Now let us consider the probability of a certain sample mean. Suppose there is a sample of size \(n\). How special (how rare) is this sample? To answer such a question, we first calculate the mean of the sample. If the mean is close to the population mean, then the sample in question is probably not a special sample. If the mean is far away from the population mean, then the sample may not be a randomly chosen sample: it’s probably a rare sample. But how can we make such a decision?
Well, computing the z-score of the mean relative to the population is obviously one possibility. Suppose the sample mean is \(\bar{x}\), the population mean is \(\mu\), and the population sd is \(\sigma\). Then, is the z-score of the sample mean calculated by the following formula?
\[\dfrac{\bar{x}-\mu}{\sigma}\]
The answer is no. Why not? To see this, let us do an exercise.
Here’s our favorite data of exam scores of 100 students at A High School.
a <- c(29, 30, 40, 41, 43, 44, 44, 45, 46, 47, 48, 48, 50, 51, 51, 52, 52, 55, 55, 55, 55, 56, 56, 57, 58, 58, 59, 59, 59, 59, 60, 60, 60, 60, 62, 62, 62, 63, 63, 63, 63, 63, 63, 64, 64, 64, 64, 65, 66, 66, 67, 67, 68, 68, 68, 68, 68, 68, 69, 69, 69, 69, 70, 70, 70, 70, 70, 71, 71, 71, 71, 72, 72, 72, 72, 72, 73, 73, 73, 75, 75, 75, 75, 75, 77, 77, 77, 80, 80, 81, 81, 82, 82, 84, 86, 86, 88, 89, 91, 94)
- What was the mean, variance, sd of this data?
- Plot a histogram of the data. (Use
hist())
- Sample a set of 10 data points. (Use
sample())
- Repeat this procedure 100 times to create a data of 100 mean values. (Use a
forloop: e.g.,for (i in c(1:100)) {}.) Put it in a vector variable calledsamplemeans.- What is the mean of samplemeans?

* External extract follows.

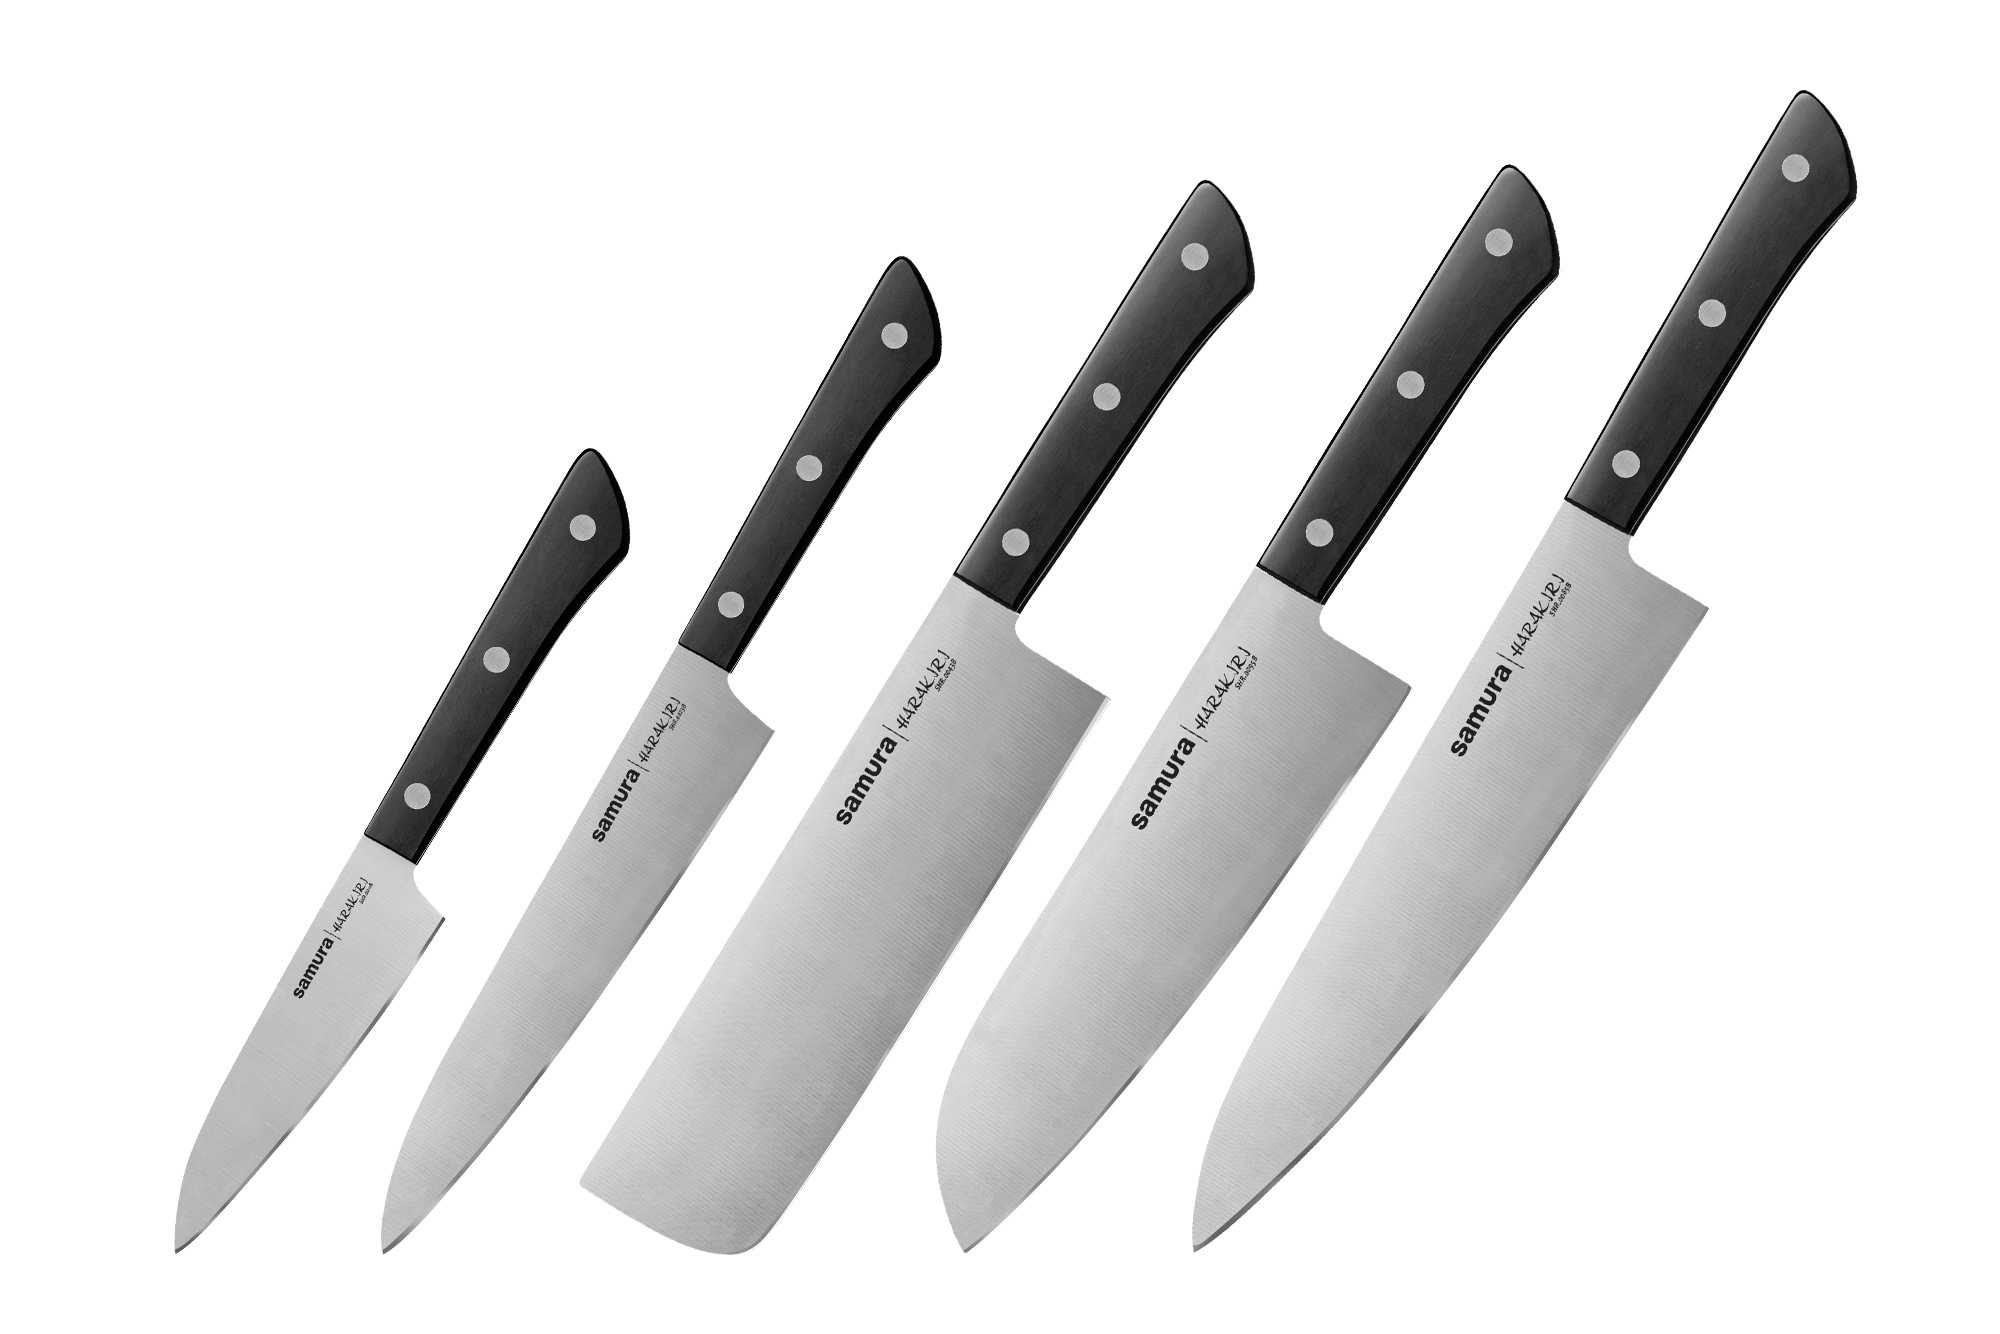 Отличный нож не так-то и просто найти Мы спросили у нескольких шефов, какой кухонный нож они считают лучшим И вот, что они ответили
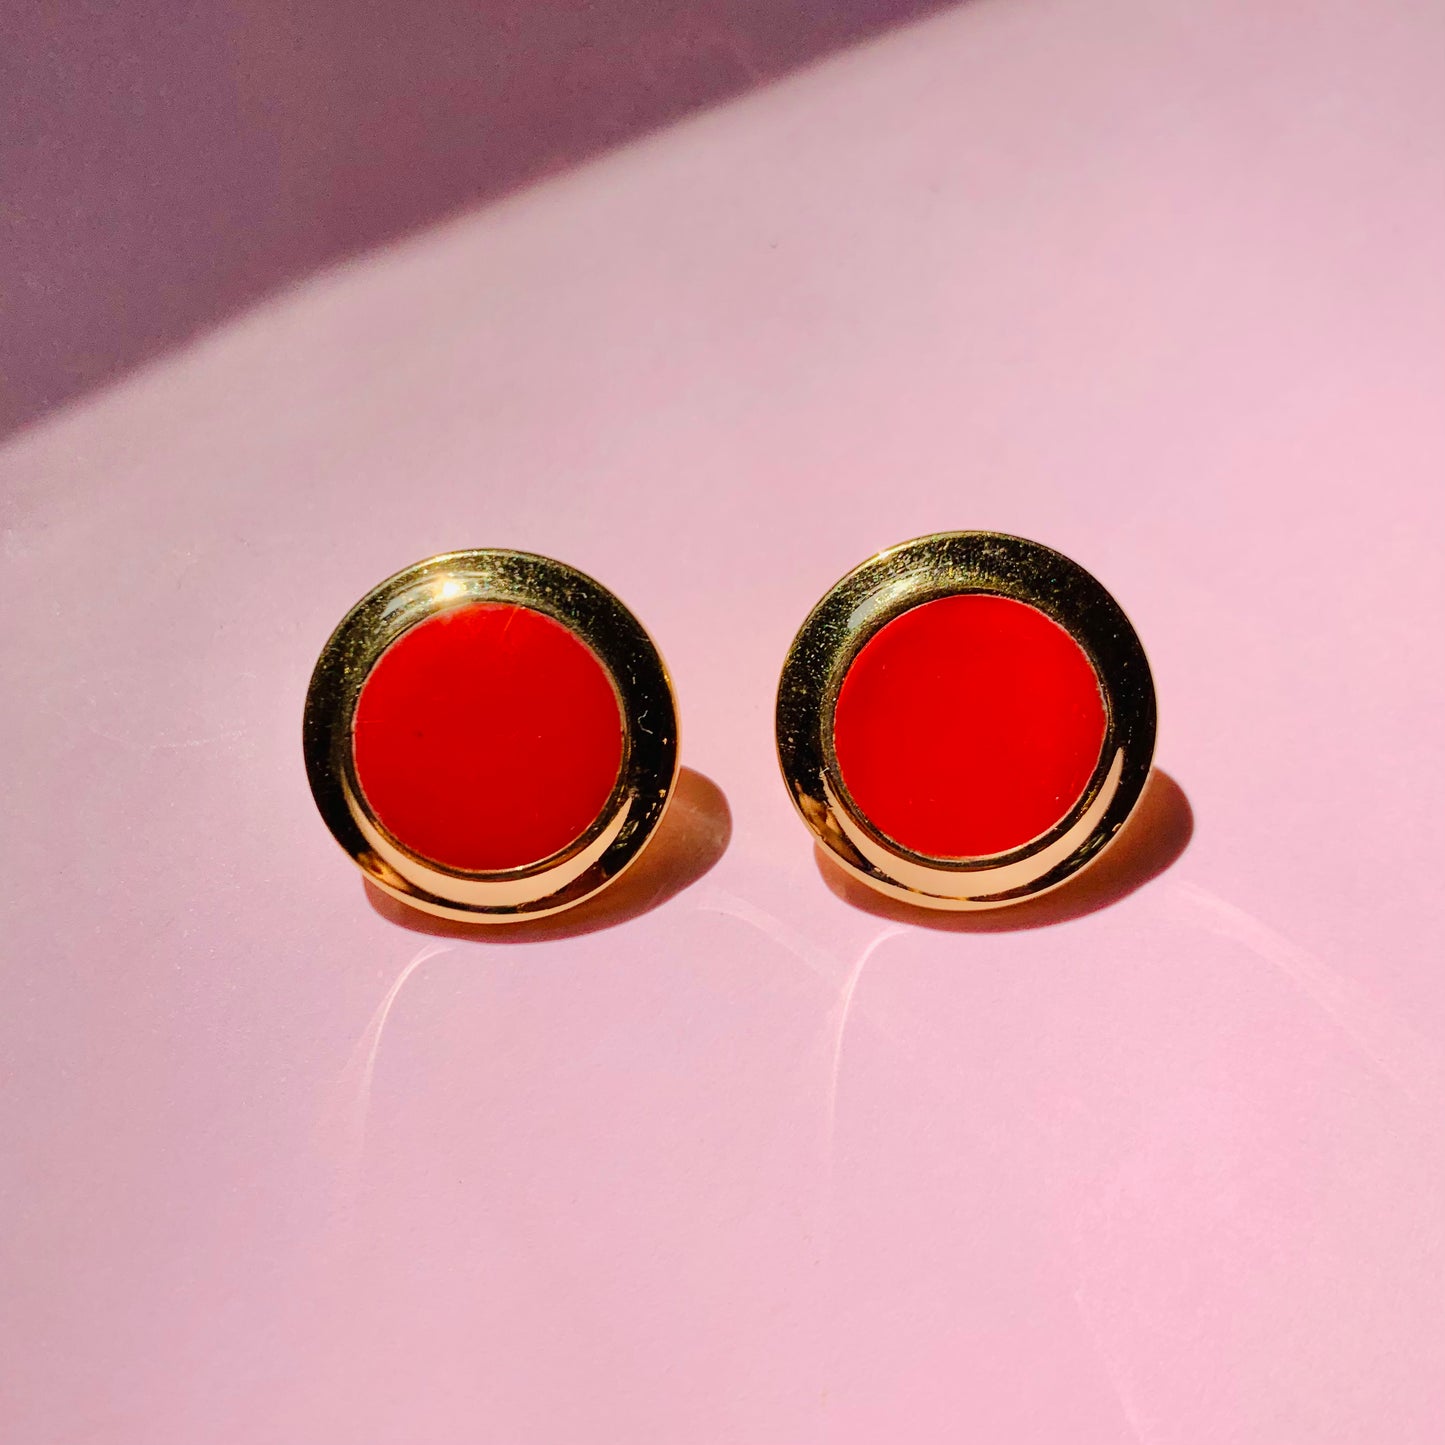 1960s triple plates gold red enamel clip on earrings by Monet

- What is the variance and sd?
- Plot a histogram using
hist(samplemeans, xlim=c(20,100)).
Now going back to the original question, how can we evaluate the rarity of a specific sample? When we evaluate a specific data point in a population, we calculate its z-score using the following formula:
\[\dfrac{\bar{x}-\mu}{\sigma}\]
But, what we want to evaluate is the relative position (i.e., z-score) of the “sample mean”. However, \(\sigma\) merely represents the standard deviation of the data points in the population, and the “sample mean” in question has no place in there. In order to calculate the z-score of the sample mean, we need to know the standard deviation of the sample means, not of the population data points. If the population follow a normal distribution, and if we sample data of size \(n\) many times, it is known mathematically that the variance of the sample means \(\hat{\sigma}^2\) should be the following: \[\hat{\sigma}^2 = \dfrac{\sigma^2}{n}\]
Thus the standard deviation would be:
\[\hat{\sigma} = \dfrac{\sigma}{\sqrt{n}}\]
Thus the z-score of the sample mean \(\bar{x}\) should be:
\[z = \dfrac{\bar{x}-\mu}{\hat{\sigma}} = \dfrac{\bar{x}-\mu}{\dfrac{\sigma}{\sqrt{n}}} \]
- If you sample a set of 10 data points from the A High School data and calculate its mean, what is the minimum possible value?
- What is the z-score of this set?
- If we do random sampling, what is the probability of obtaining this set (under a normal distribution)? (Use
pnorm())
At A High School’s cultural festival, a quiz competition was organized with randomly assigned teams of 10 students and a teacher working together. The team assignments were made by one of the teachers, Mr. K, who took full responsibility for the process. However, there arose suspicions that Mr. K, who claimed to have randomly assigned the students, might have unfairly included more top-performing students in his own team to gain an advantage. When examining the placement test scores of the students in Team K, the following scores were noted:
k <- c(47,55,63,68,75,77,80,82,86,91)
The average score was 72.4 points. Given that the average score for all 100 students was 65 points, the difference was 7.4 points, which seemed quite high. However, Mr. K insisted, “I am being falsely accused! The average score can randomly be higher or lower, and the 7.4 point difference is just a coincidence!”
- Calculate the z-score of Team K
- What is the probability of obtaining this value assuming that the team assignment was done randomly?